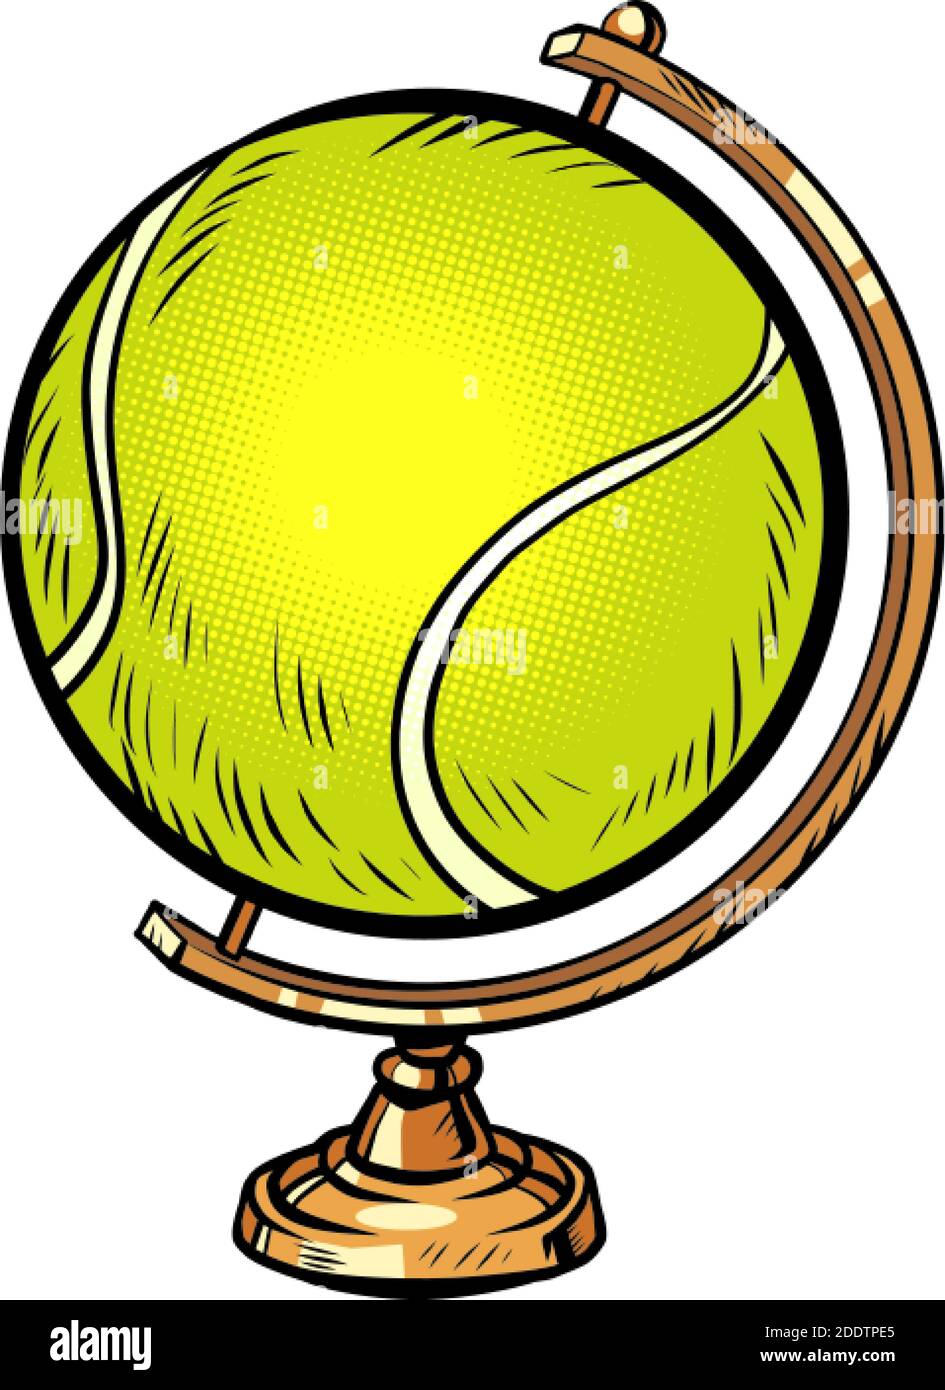 globe international tennis ball sports equipment Stock Vector
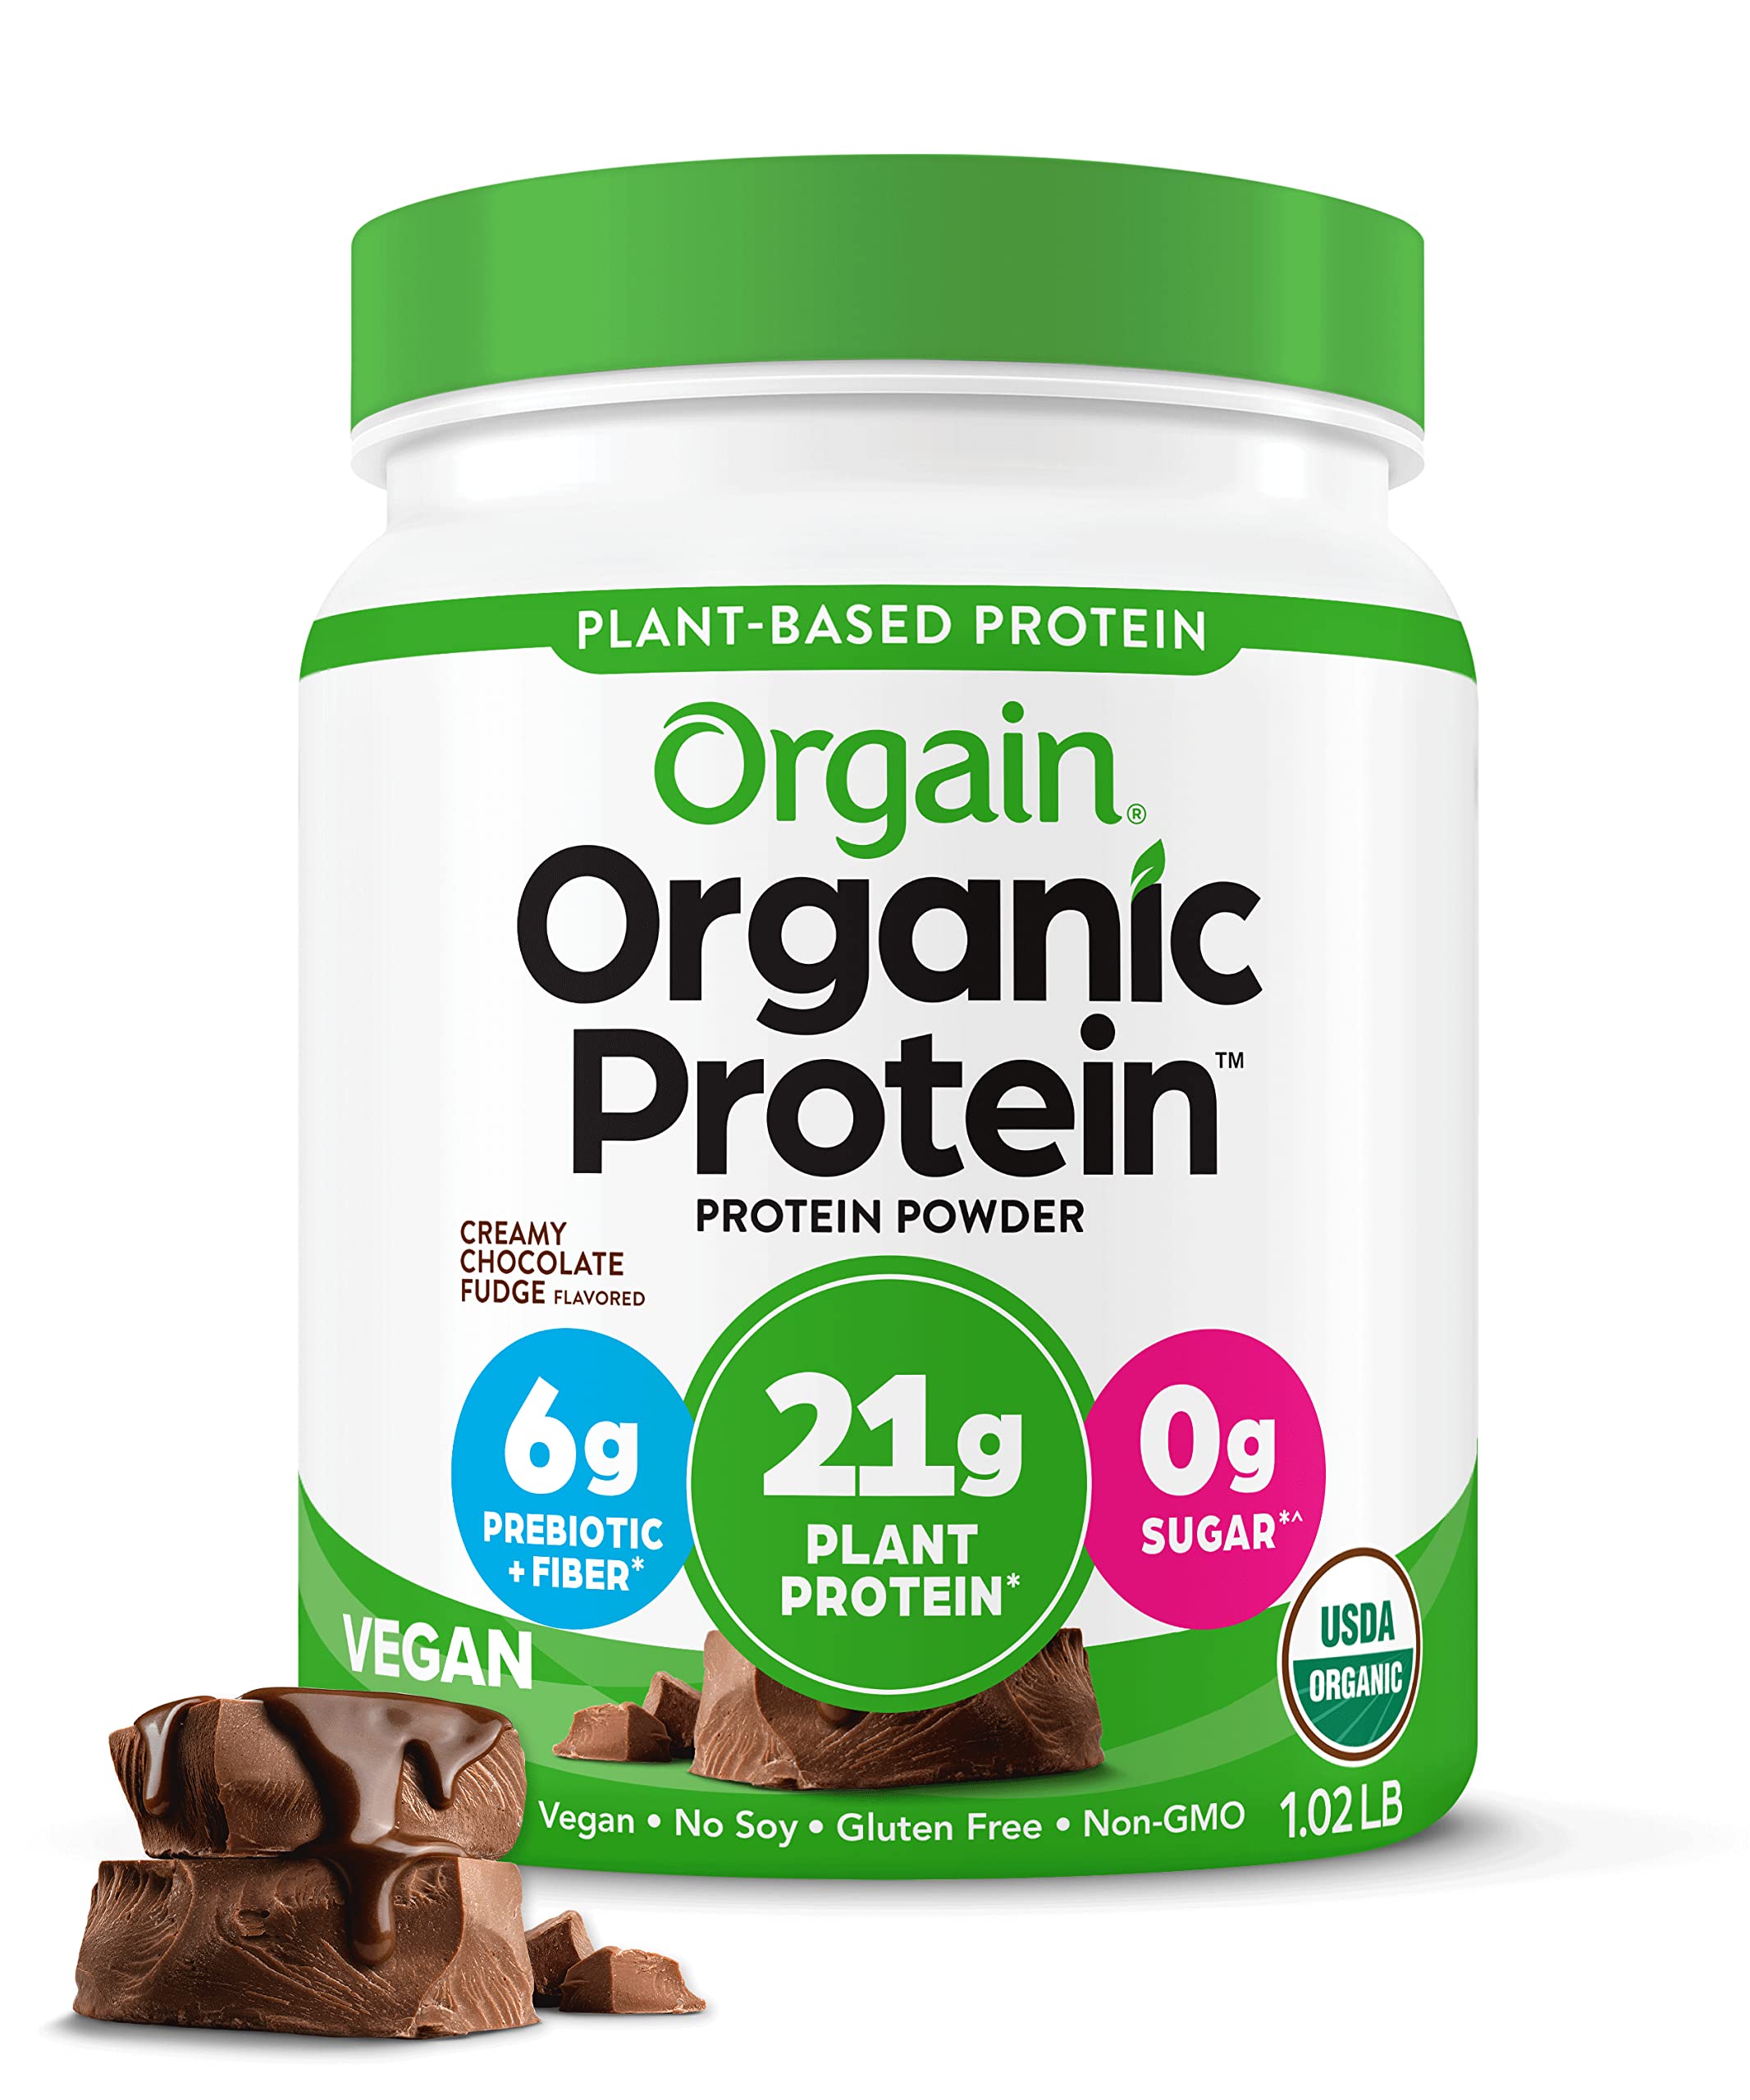 1.02-lb Orgain Organic Vegan Protein Powder (Creamy Chocolate Fudge, 21g Protein) $13.98 w/ S&S + Free Shipping w/ Prime or on $35+
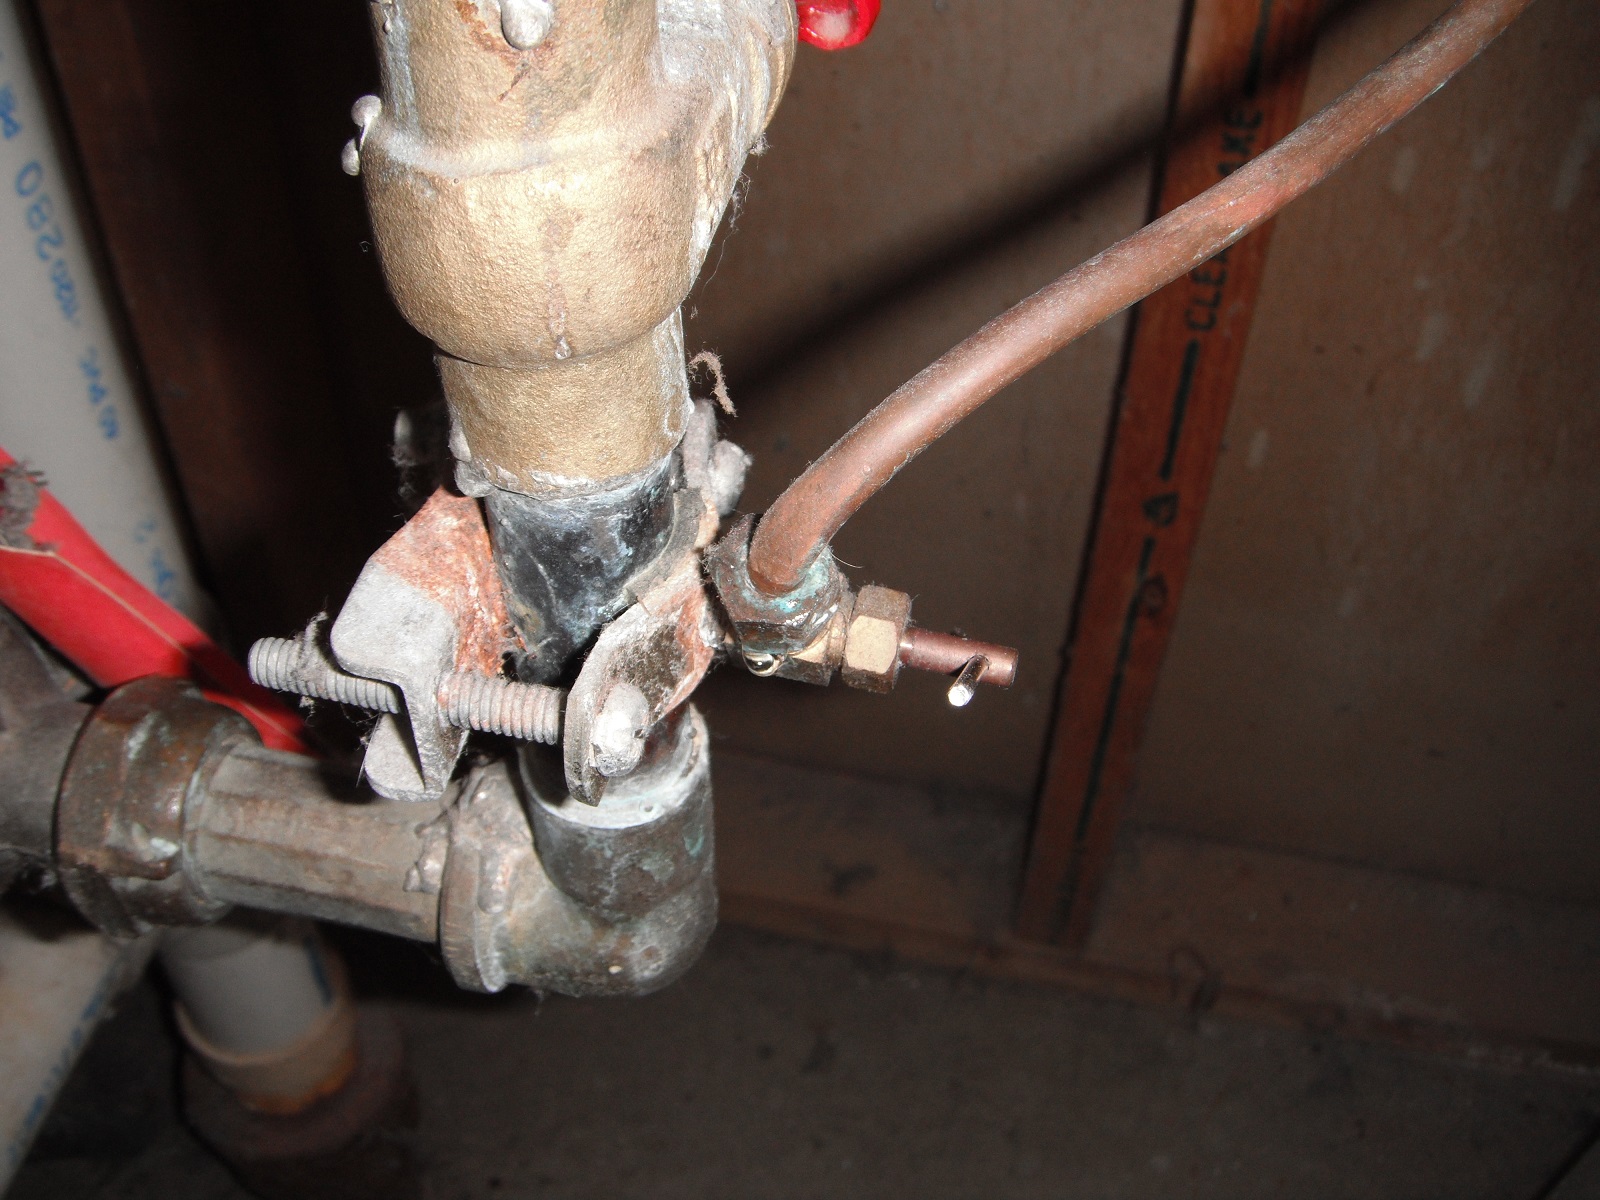 Leaking sadle water valve. "Mokena Home Inspection"
_ _ _ _
The answer must be the exact lines from the line with "1.02-lb Orgain Organic" to the final line of the data, both ends included, with no pictures.

(Answer area)
 1.02-lb Orgain Organic Vegan Protein Powder (Creamy Chocolate Fudge, 21g Protein) $13.98 w/ S&S + Free Shipping w/ Prime or on $35+
 Leaking sadle water valve. "Mokena Home Inspection"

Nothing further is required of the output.